Chess is a game that feels as old as time. When we play, there is a sense we are tapping into an experience people have shared for thousands of years. As an architect intrigued by intricate, tactile forms; the sculptural qualities of chess pieces, and their archetypal silhouettes had been a subject of fascination for some time. 

As a dynamic, ever-shifting natural resource, the elusive nature of sand seemed a fitting material for a game that evolves gradually and unpredictably over time. With each move tactical repercussions ripple outward, disrupting and reforming an evolving field of play.

It seemed a fitting challenge to take a material as formless and fluid as sand, and mould it into something solid and robust, whilst maintaining a sense of transformation and potential.
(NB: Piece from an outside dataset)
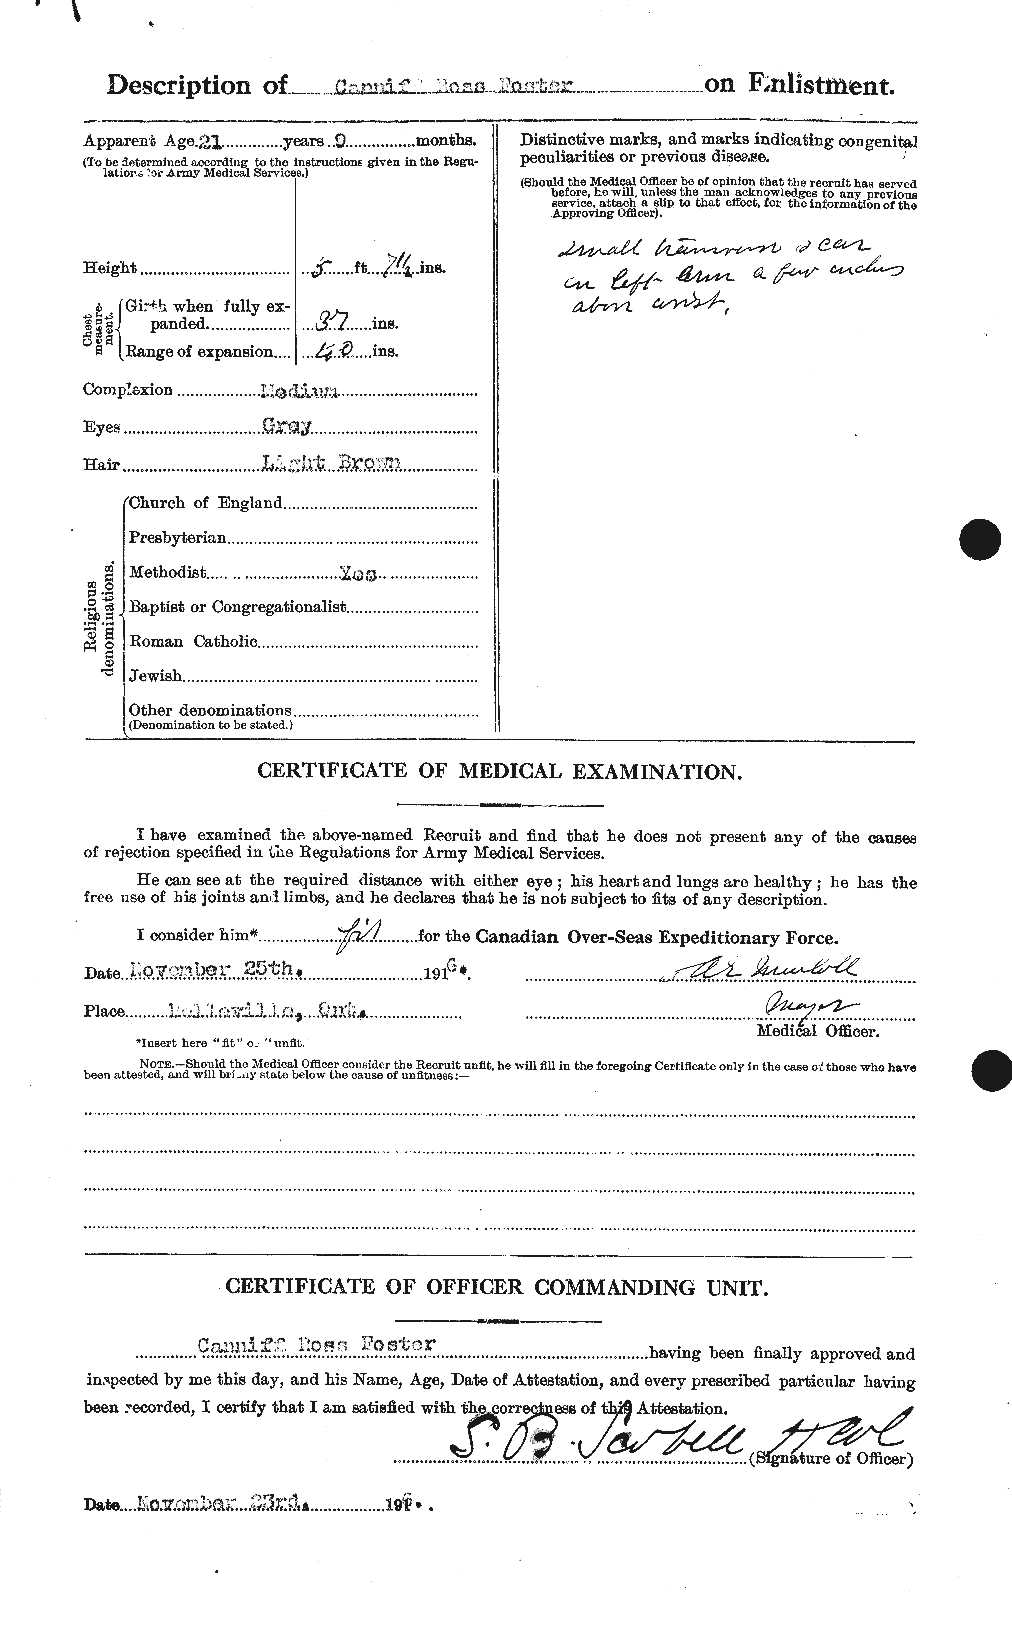 Dossiers du Personnel de la Première Guerre mondiale - CEC 330495b

Design Process of the Dune Chess Set

As a designer, Rory Noble-Turner is interested in the tactile qualities that such a granular material can offer, and how this can subvert the traditional notion that luxury objects must generate appeal through pristine finishes and polished surfaces intended to be seen and not touched.

By using 3D sculpting tools typically reserved for the visual-effects industry, he was given an enormous degree of creative freedom and control when it came to crafting the final product. A major challenge was refining the digital scripts required to generate the rippled textures. What seemed like a relatively straight-forward exercise became increasingly complicated as he tried to fine-tune the degree of rippling randomness, its varying density and depth, and the gentle fall-off as it blended into a smooth surface. To create such a natural – or windswept – appearance required months of dedicated problem-solving and refinement with a couple solutions being discovered only after delving deep into the depths of visual scripting forums.

For a game of chess to function effectively it’s crucial you clearly differentiate between both opposition pieces, and, the alternate spaces on which those pieces play. In a mono-material set such as this, a binary contrast between rippled and smooth surfaces (reflective of the contrasting states of sand) become the primary signifier of this difference.

Broader Explorations Into Touch and Sensation

As we increasingly spend time jabbing at keyboards and swiping at screens, our sense of touch – and, for that matter, the sensory perception of our bodies – declines, replaced instead by a disembodied and primarily visual engagement with our devices.

Amidst this decline of everyday physical sensation; the Dune Chess Set represents an investigation into themes of tactility and intimacy in an attempt to catalyse connection between users, their bodies, and the world around them. Therefore, the perceived experience of touching my work – or at least the triggering of a desire to touch – becomes a crucial factor in the design’s success, as well as its visual appeal.